What you will do: Write out word for word the lines from the one holding "House Plan E1136-10 Lower Floor Plan REVERSE" through the end of the data, and only those lines. Pictures stay out.

Supplied material:
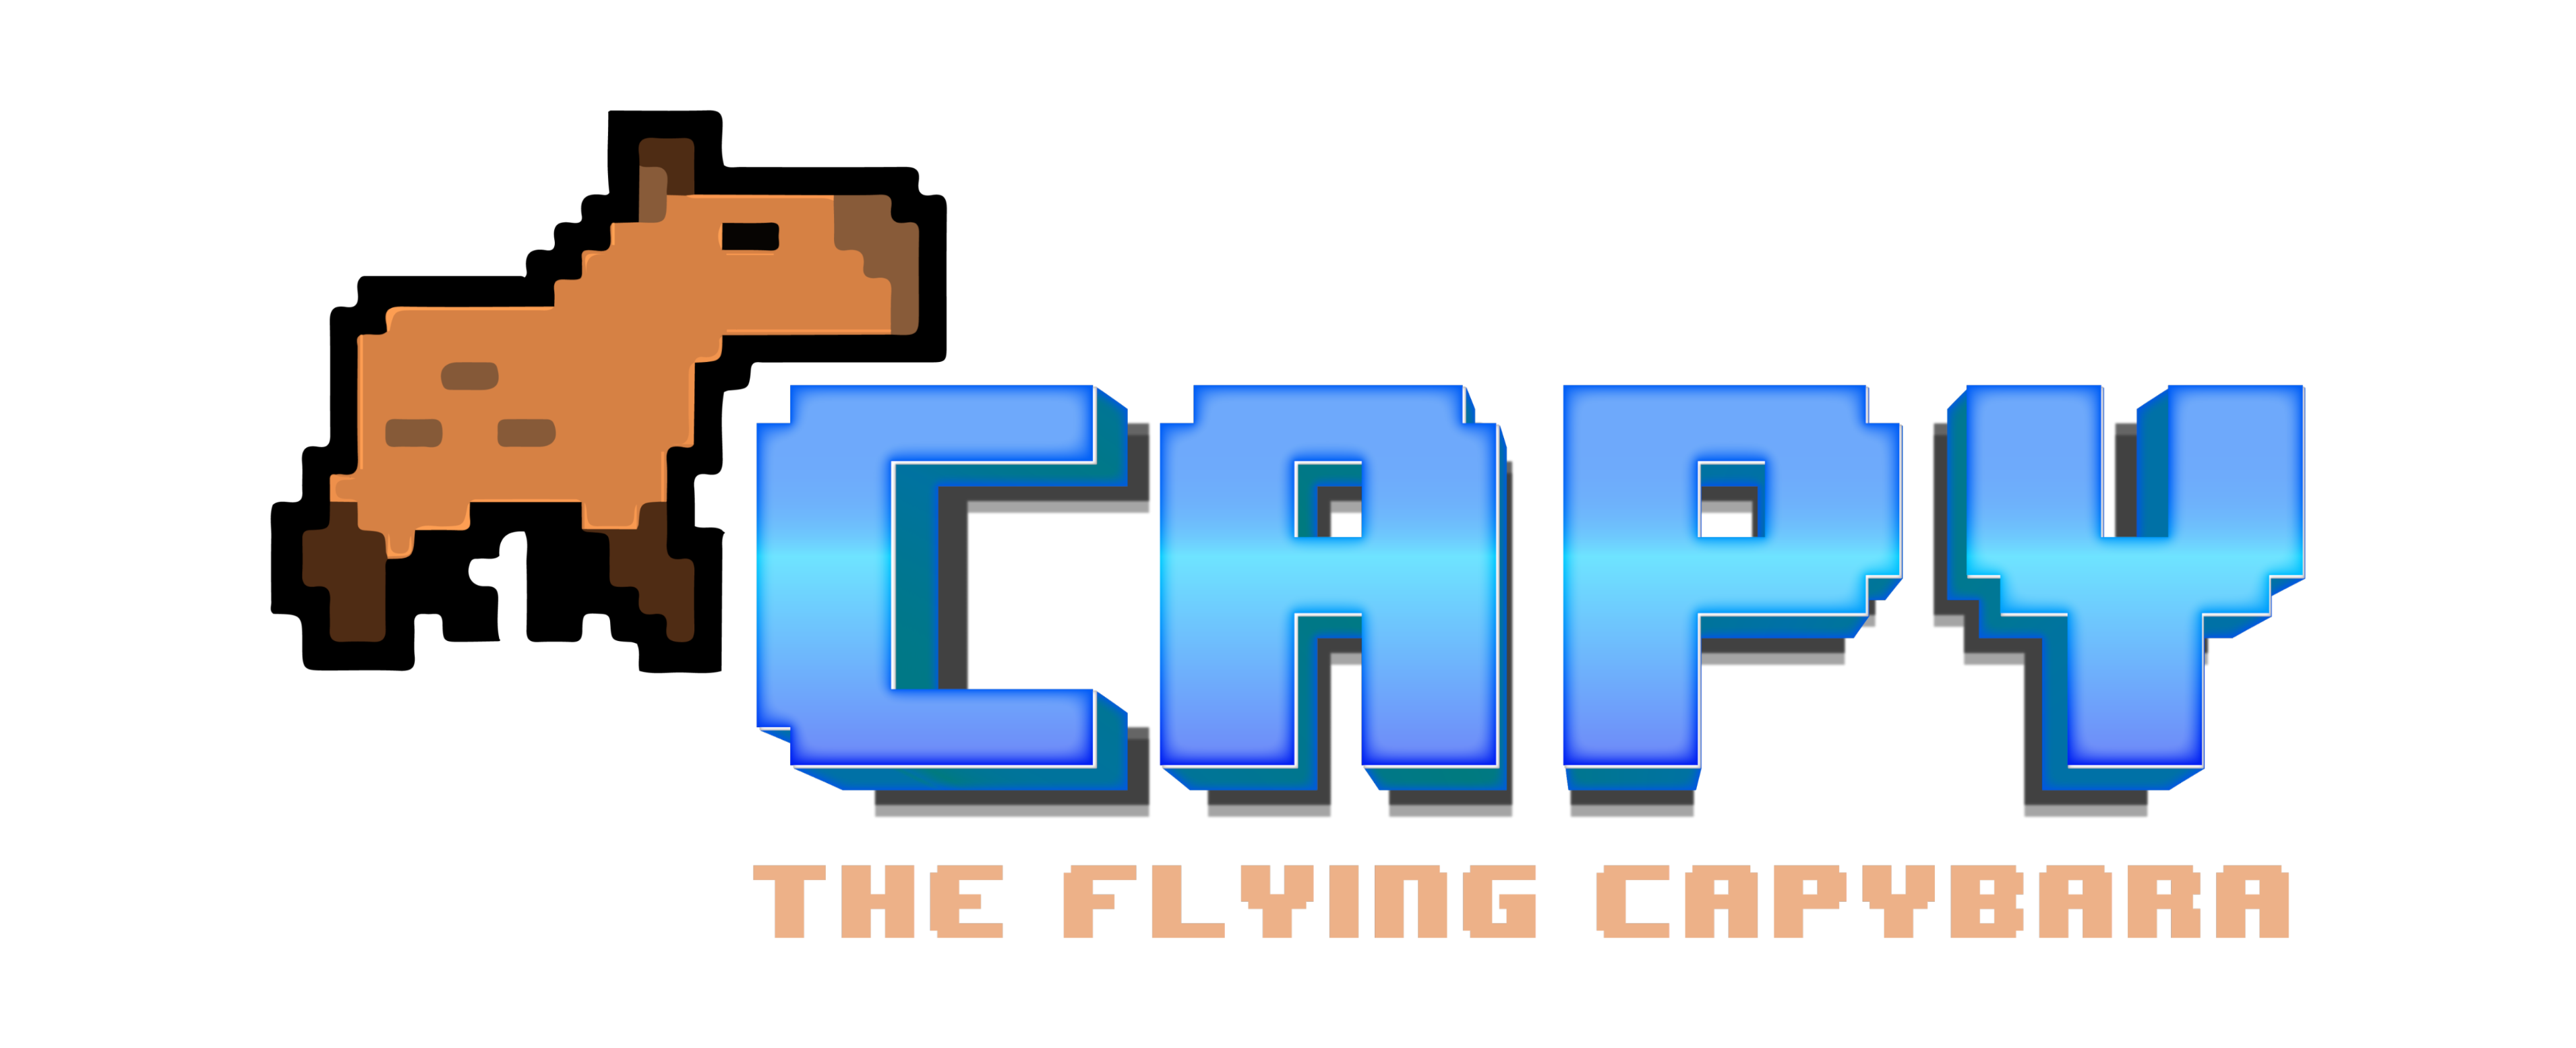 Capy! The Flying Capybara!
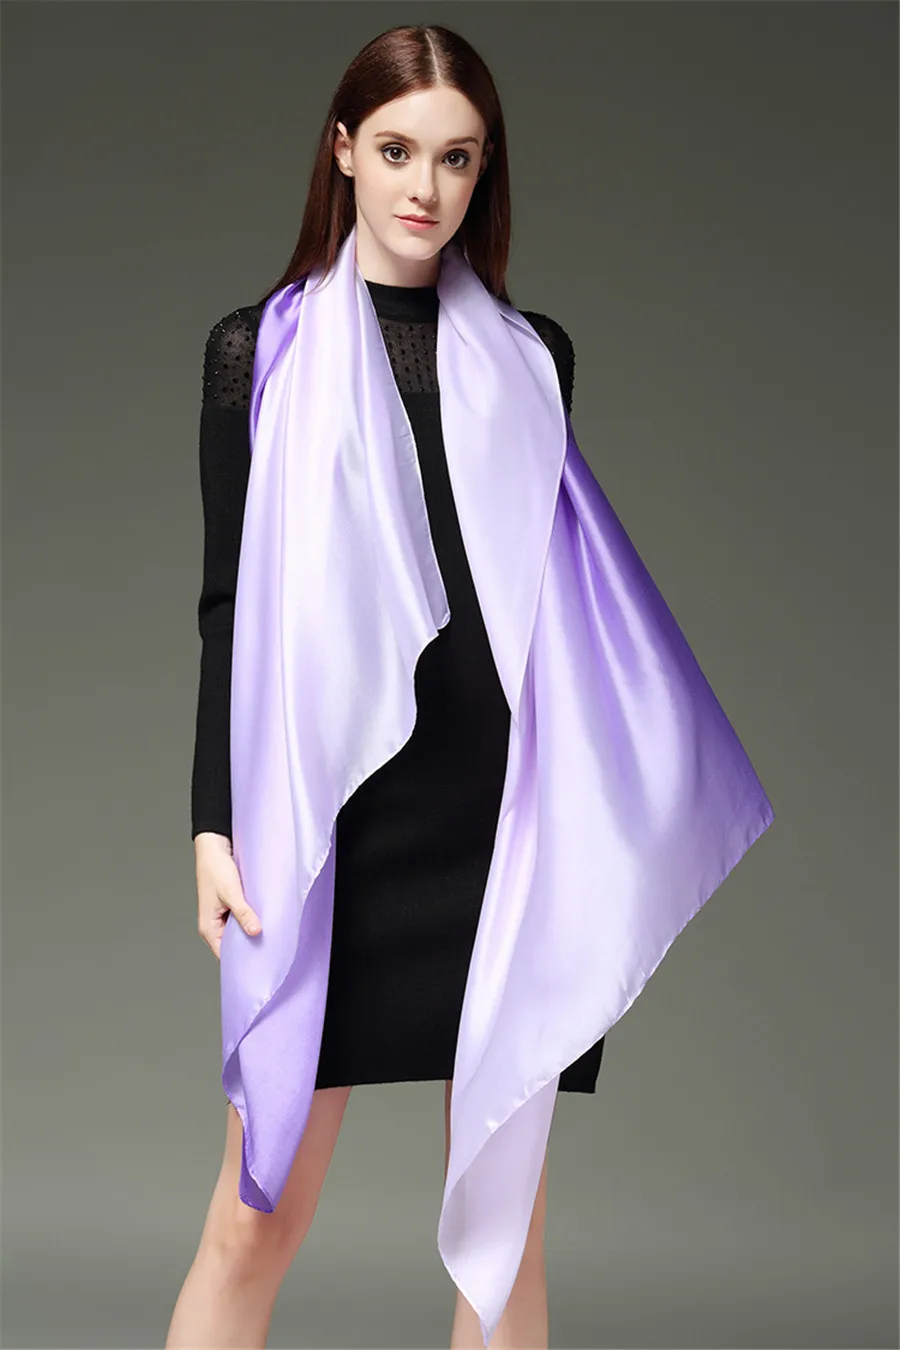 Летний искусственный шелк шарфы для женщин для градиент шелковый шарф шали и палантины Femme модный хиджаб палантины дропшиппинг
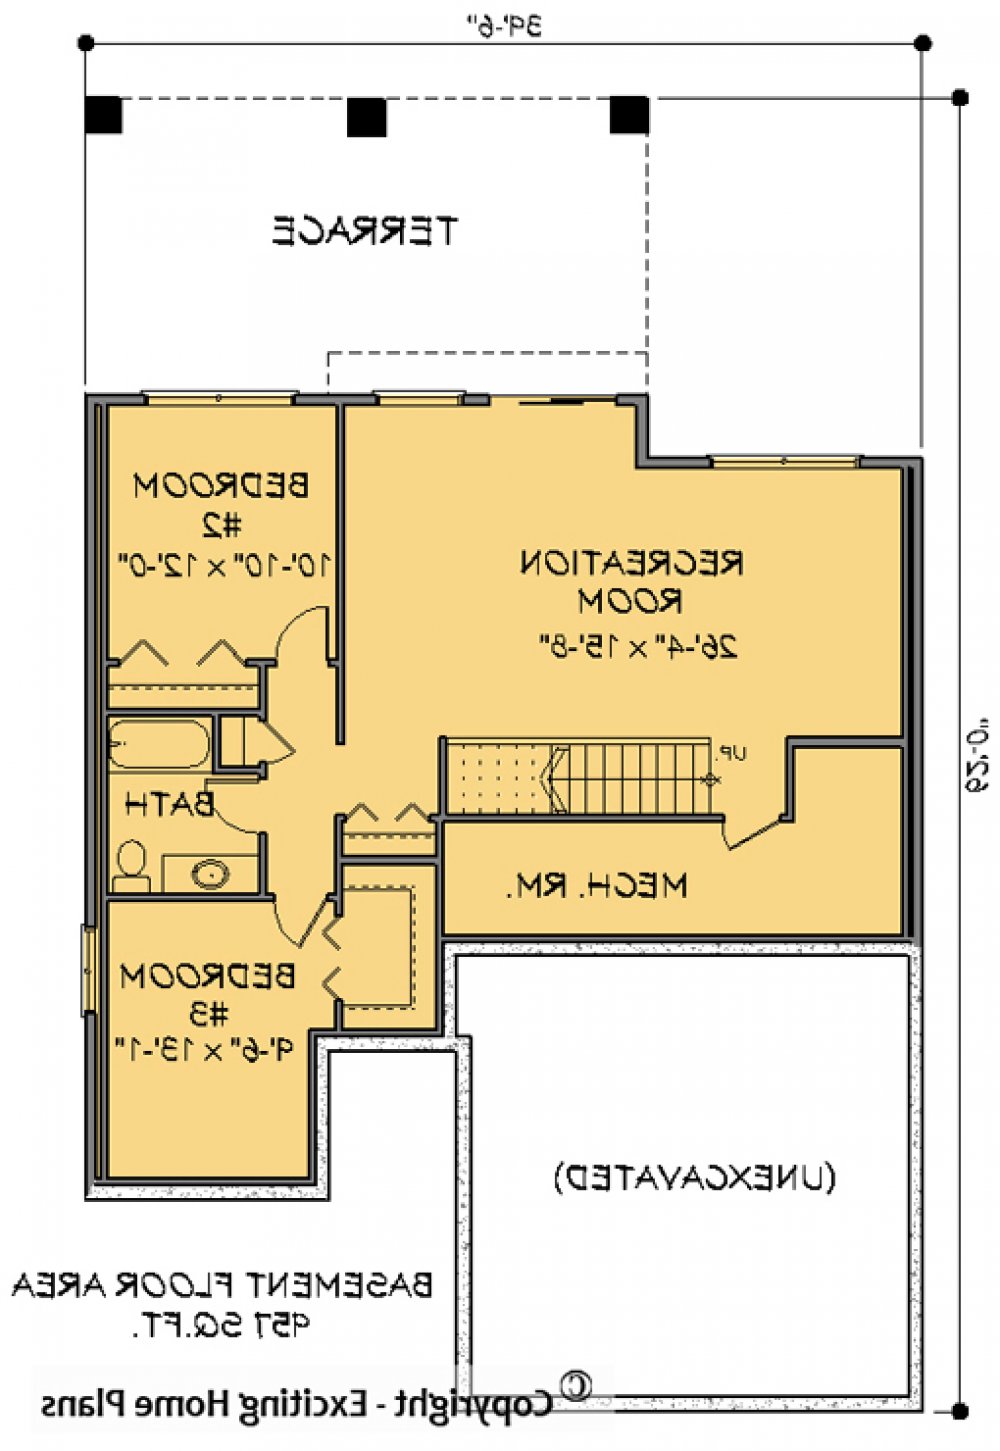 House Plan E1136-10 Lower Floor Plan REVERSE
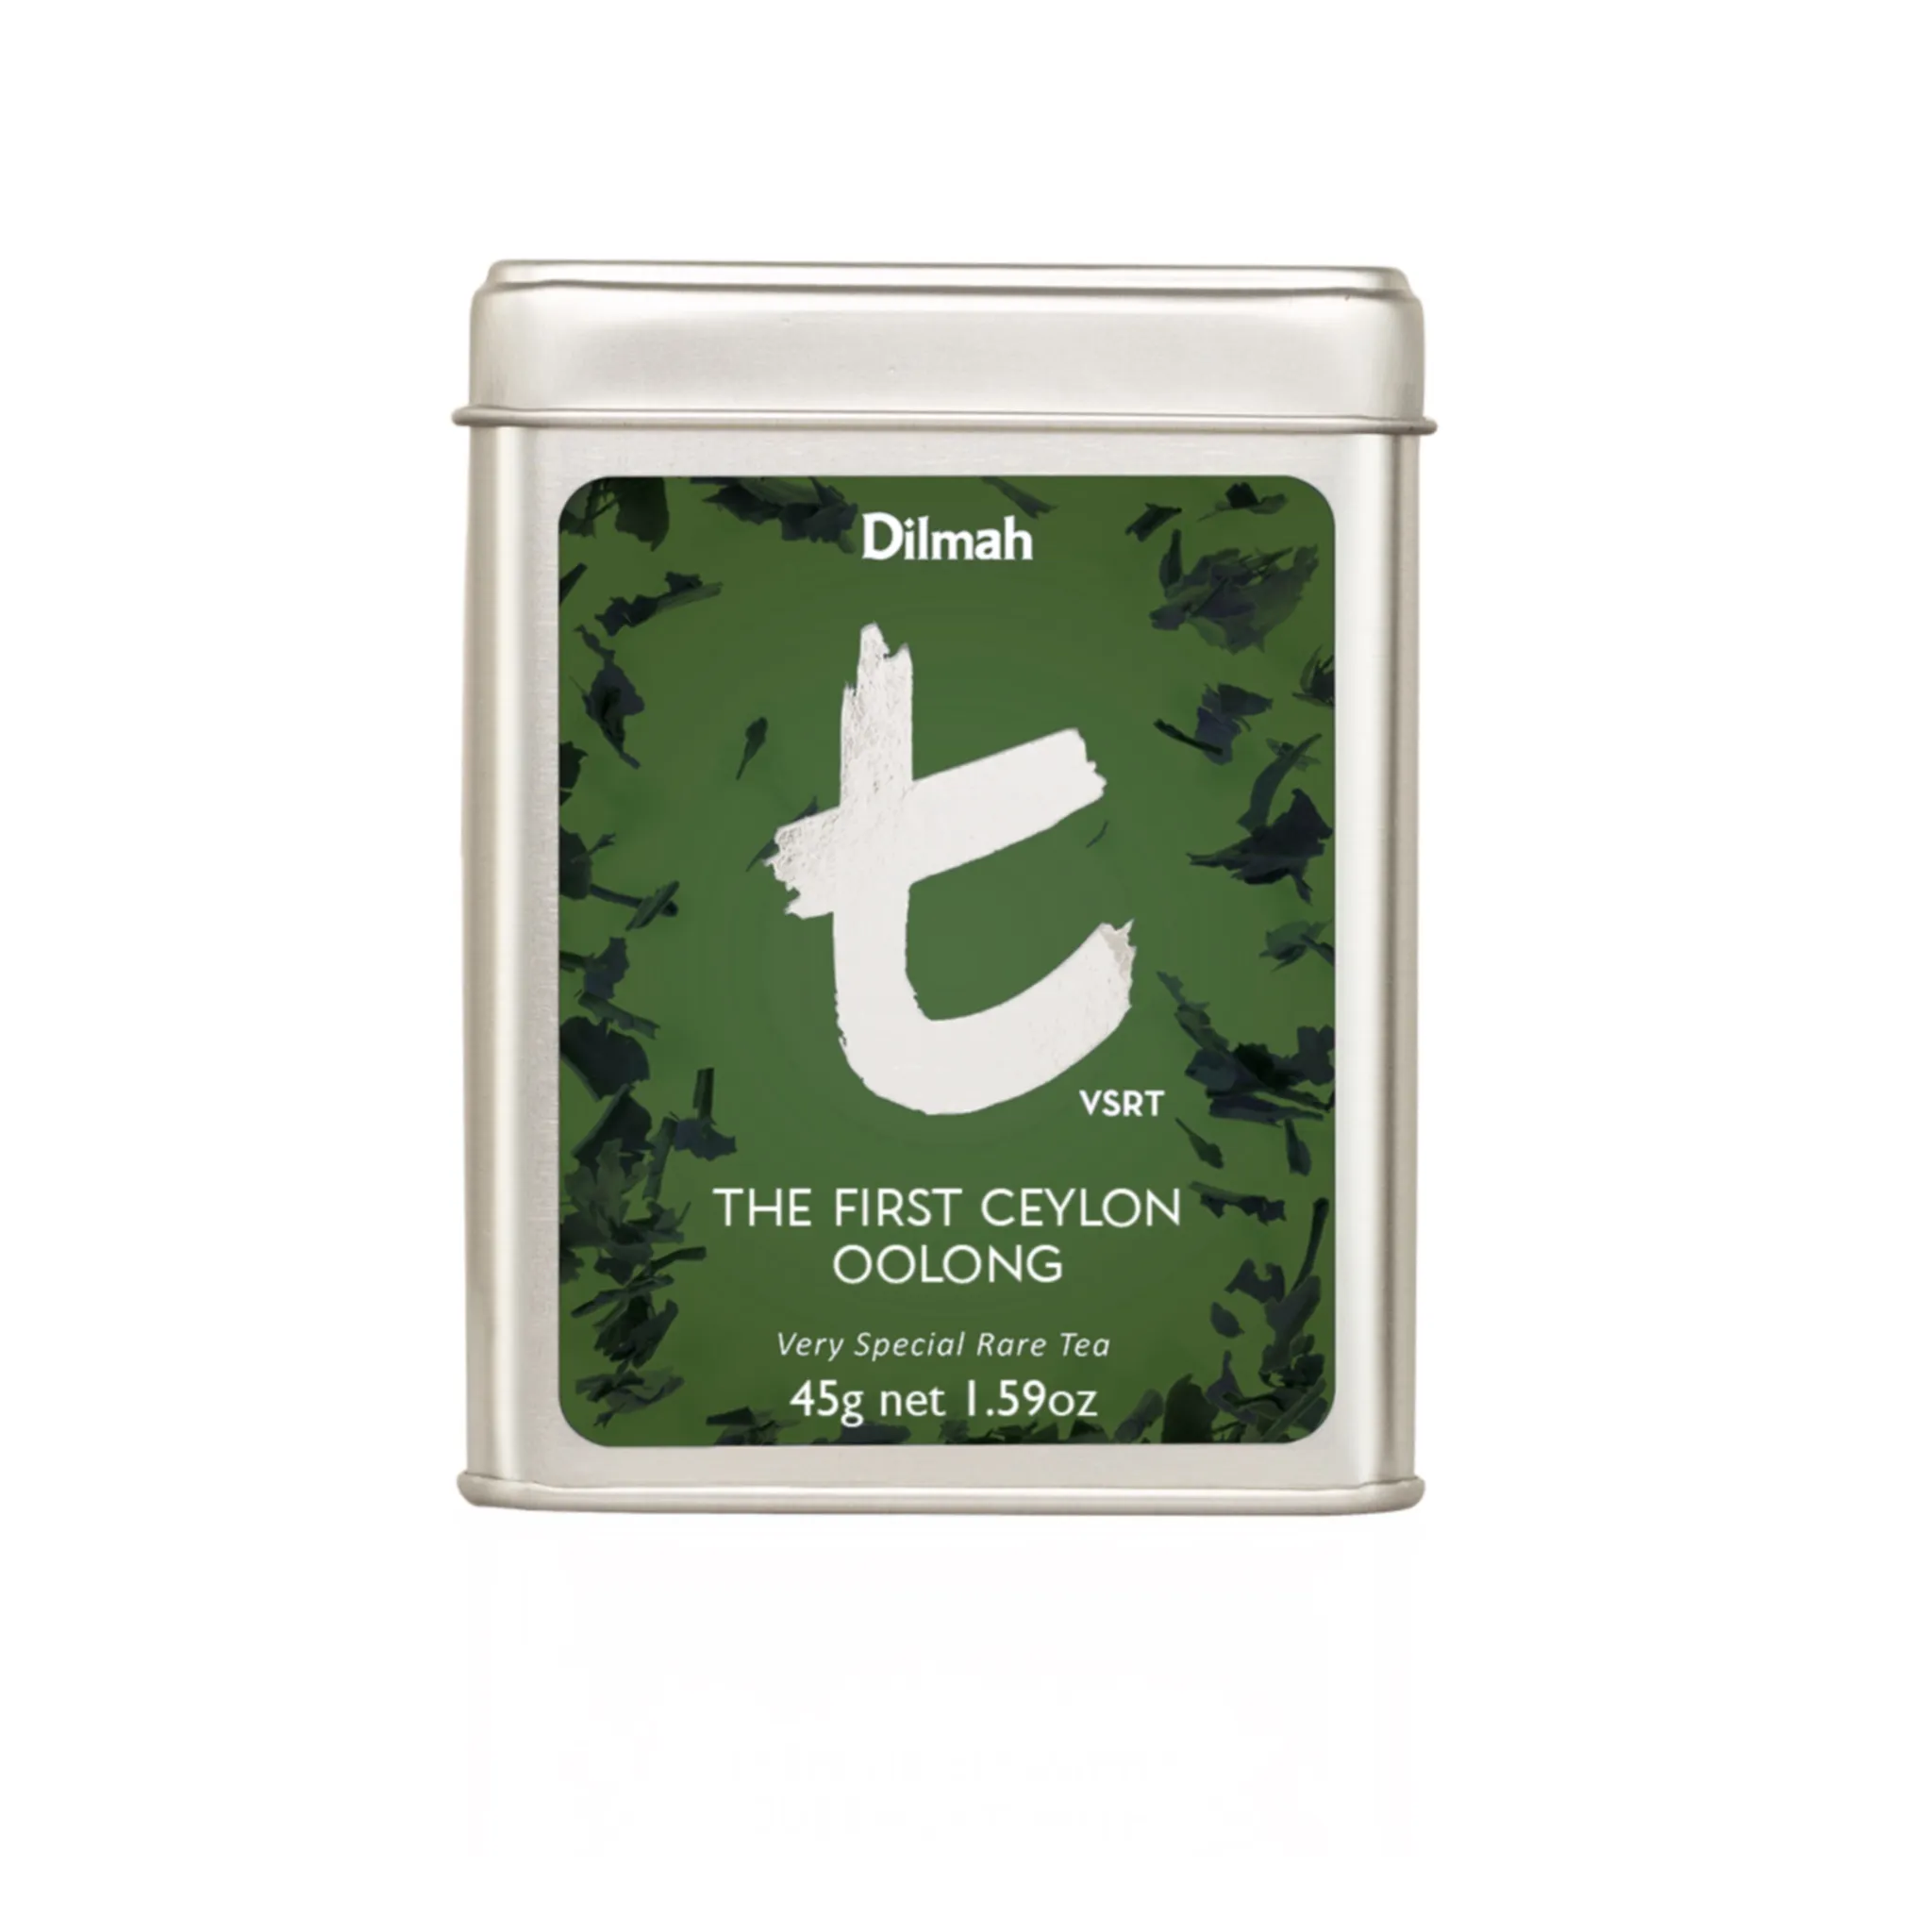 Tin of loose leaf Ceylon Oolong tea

Response area:
 House Plan E1136-10 Lower Floor Plan REVERSE
 Tin of loose leaf Ceylon Oolong tea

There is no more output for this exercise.